Les chercheurs ont ensuite sélectionné aléatoirement des patients pour déterminer s’ils recevraient un placebo ou une dose de vitamine D spécifiquement dosée pour amener leur taux sanguin à une concentration cible comprise entre 40 et 80 ng/ml. Ce niveau est considéré comme optimal pour la santé cardiovasculaire.
« Ils cherchaient à s’assurer de trouver l’effet et le bienfait maximums », explique Eleanor Levin, cardiologue au sein de la faculté de médecine de l’université Stanford, qui n’a pas pris part à l’étude. Eleanor Levin, dans son activité personnelle, suggère généralement à ses patients qui présentent une carence en vitamine D de prendre des suppléments afin que leur taux se situe au-dessus de 30 ng/ml, une concentration considérée comme normale.
Pour ce faire, près de la moitié des patients devaient consommer des doses de vitamine D plus hautes que la normale, soit environ 5 000 UI par jour. À titre de comparaison, la quantité journalière recommandée en matière de complément en vitamine D est comprise entre 800 et 1 000 UI.

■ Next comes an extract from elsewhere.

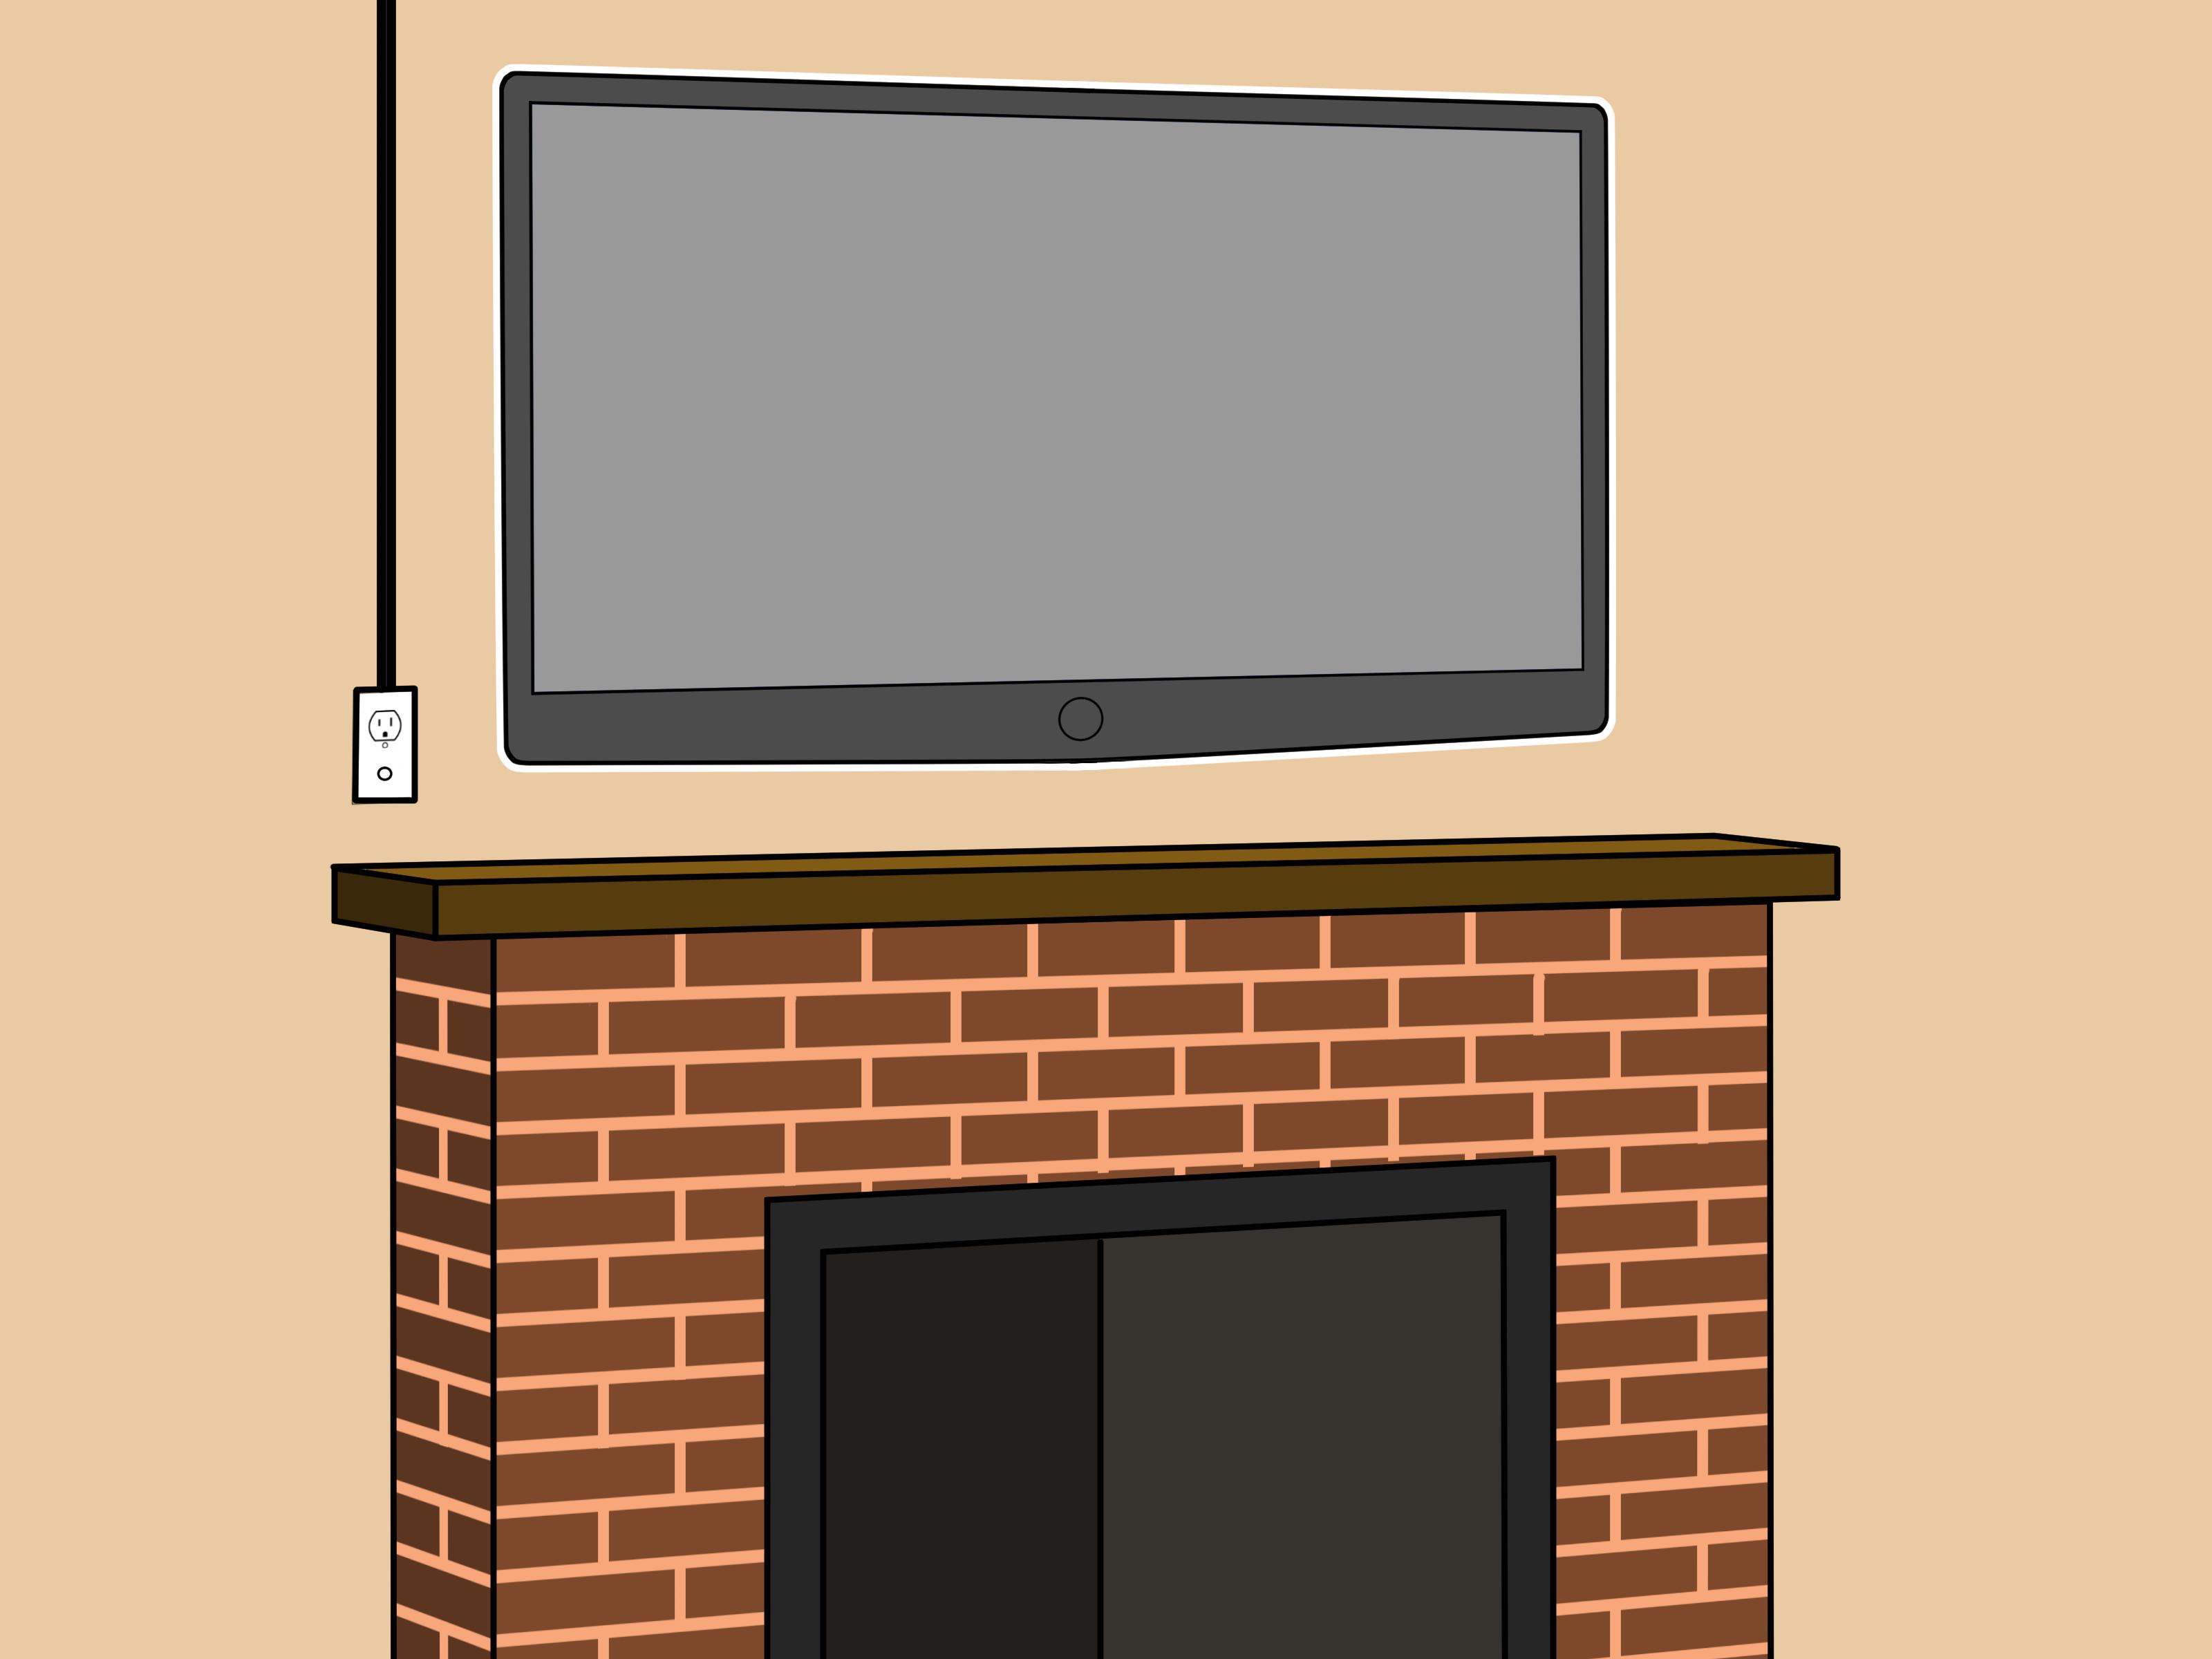 Mount a Fireplace TV Bracket Step 7

« La durée moyenne pour atteindre un seuil thérapeutique était d’environ cinq mois », affirme Helen May, chercheuse de l’université de l’Utah, et l’une des autrices de l’étude.
Les patients ont été suivis pendant quatre ans en moyenne. S’agissant d’une population à haut risque, un total de 107 événements cardiaques majeurs a été enregistré au cours de l’étude. Parmi eux, on a recensé des cas d’insuffisance cardiaque ayant conduit à une hospitalisation, des infarctus, des AVC et la mort. Les patients qui avaient reçu les compléments en vitamine D voyaient leur risque de subir une deuxième crise cardiaque diminuer de 50 %, ainsi qu’une réduction globale de risque de vivre un événement cardiaque majeur.

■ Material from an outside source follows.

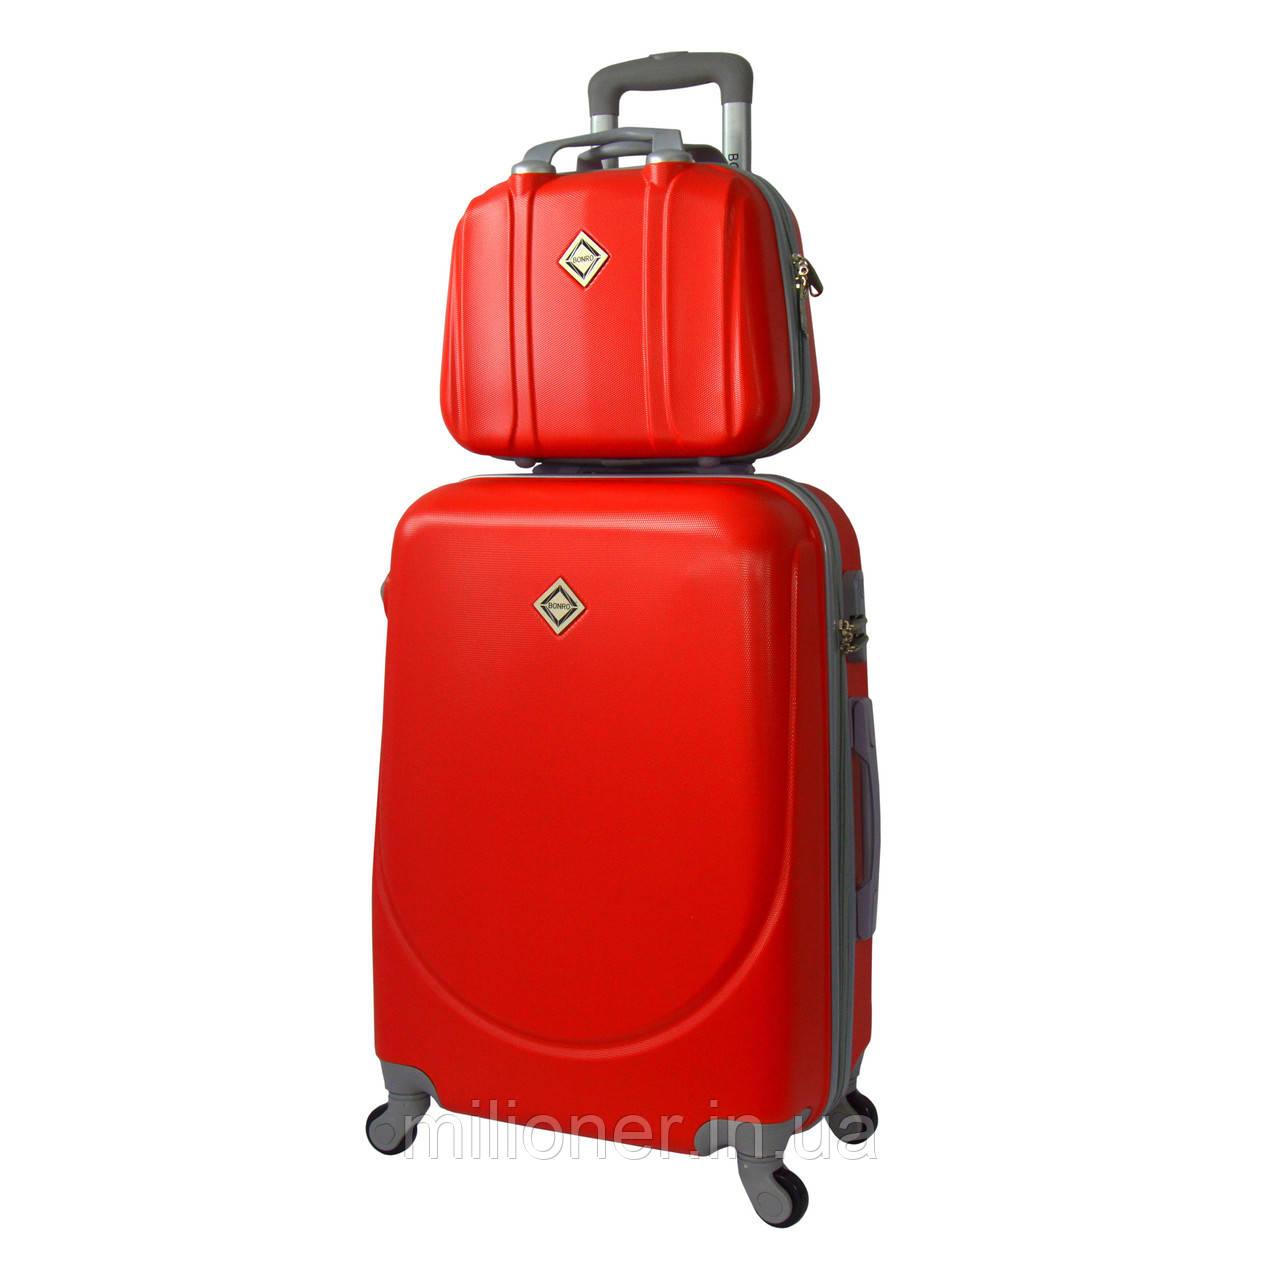 Комплект чемодан + кейс Bonro Smile (небольшой) красный

CE QUE CELA SIGNIFIE POUR L’AVENIR
TARGET-D est une étude importante. Elle a établi qu’une population de patients à haut risque pouvait tirer parti des bénéfices de la prise de compléments en vitamine D pour atteindre une concentration située entre 40 et 80 ng/ml. Cette étude devra être répétée sur un échantillon de patients plus important.

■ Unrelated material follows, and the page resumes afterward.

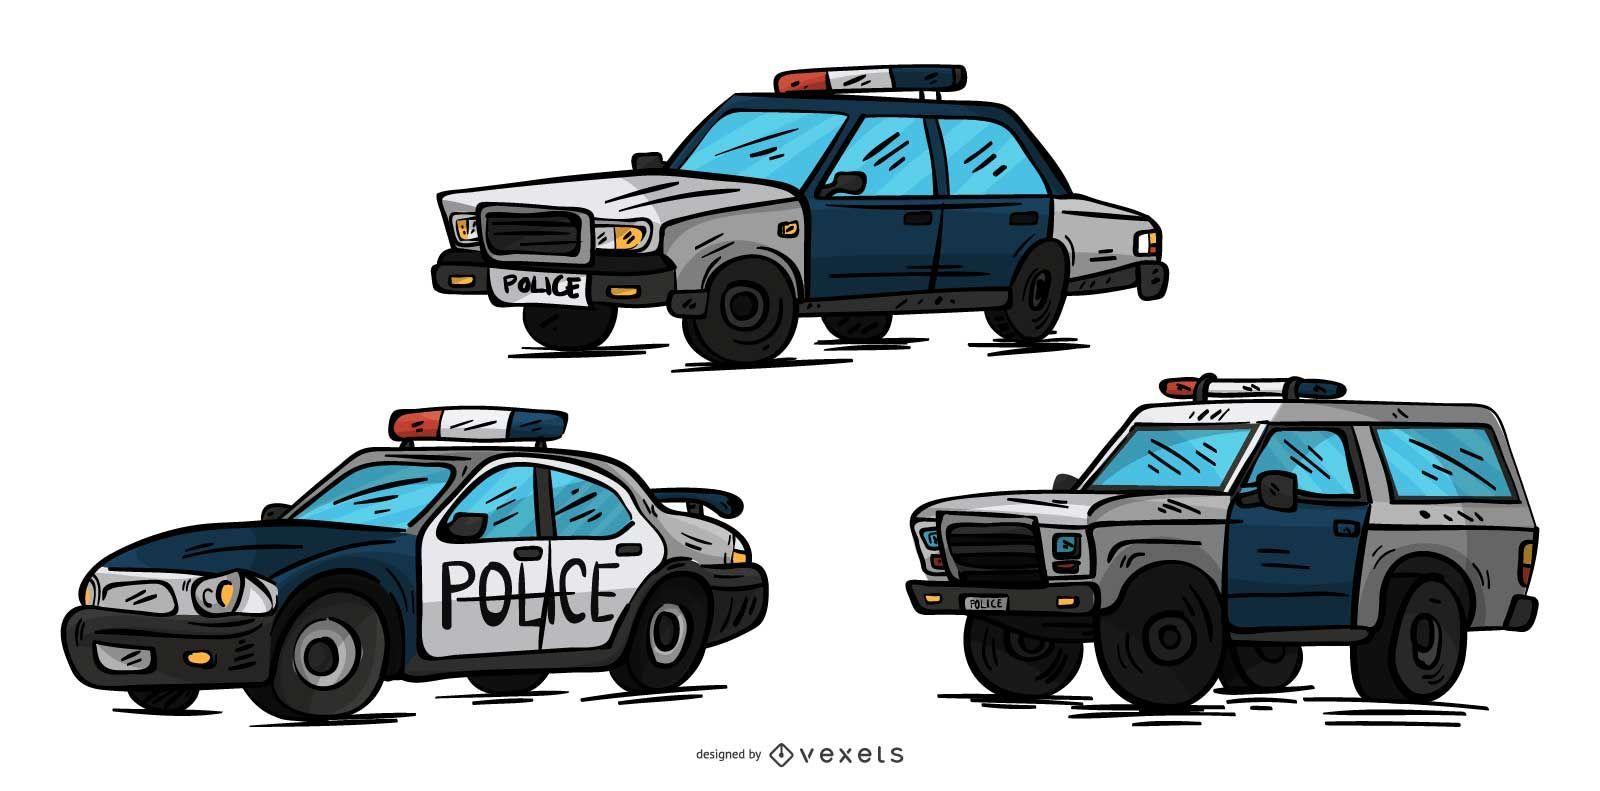 Police Cars Illustration Set

« C’est une étude limitée : elle est assez petite en termes de taille, mais les effets sont prometteurs », déclare Markus Herrmann. « J’aimerais voir plus d’études comme celle-ci. »
Les chercheurs voudront également chercher à savoir si un régime similaire de compléments en vitamine D pourrait aider dans d’autres cas de figure, par exemple, chez un patient qui n’a jamais eu d’infarctus.
À l’avenir, il sera tout aussi important de s’assurer que les patients consomment la bonne quantité de vitamine D. En prendre trop peut s’avérer tout aussi problématique que pas assez. On associe toutefois un faible taux de vitamine D à de nombreux problèmes de santé : fatigue, malaises, courbatures. Et un surplus peut provoquer des calculs rénaux et une concentration excessive de calcium dans le sang.
Mais alors que les chercheurs tentent de répondre à ces questions, ils ont un conseil important qui s’adresse à tous ceux qui sont curieux des bienfaits de la vitamine D pour le cœur. « Si votre niveau de vitamine D est bas, ou que vous vous en inquiétez, consultez votre médecin traitant pour convenir d’un dosage approprié », conclut B. Keith Ellis.
Cet article a initialement paru sur le site nationalgeographic.com en langue anglaise.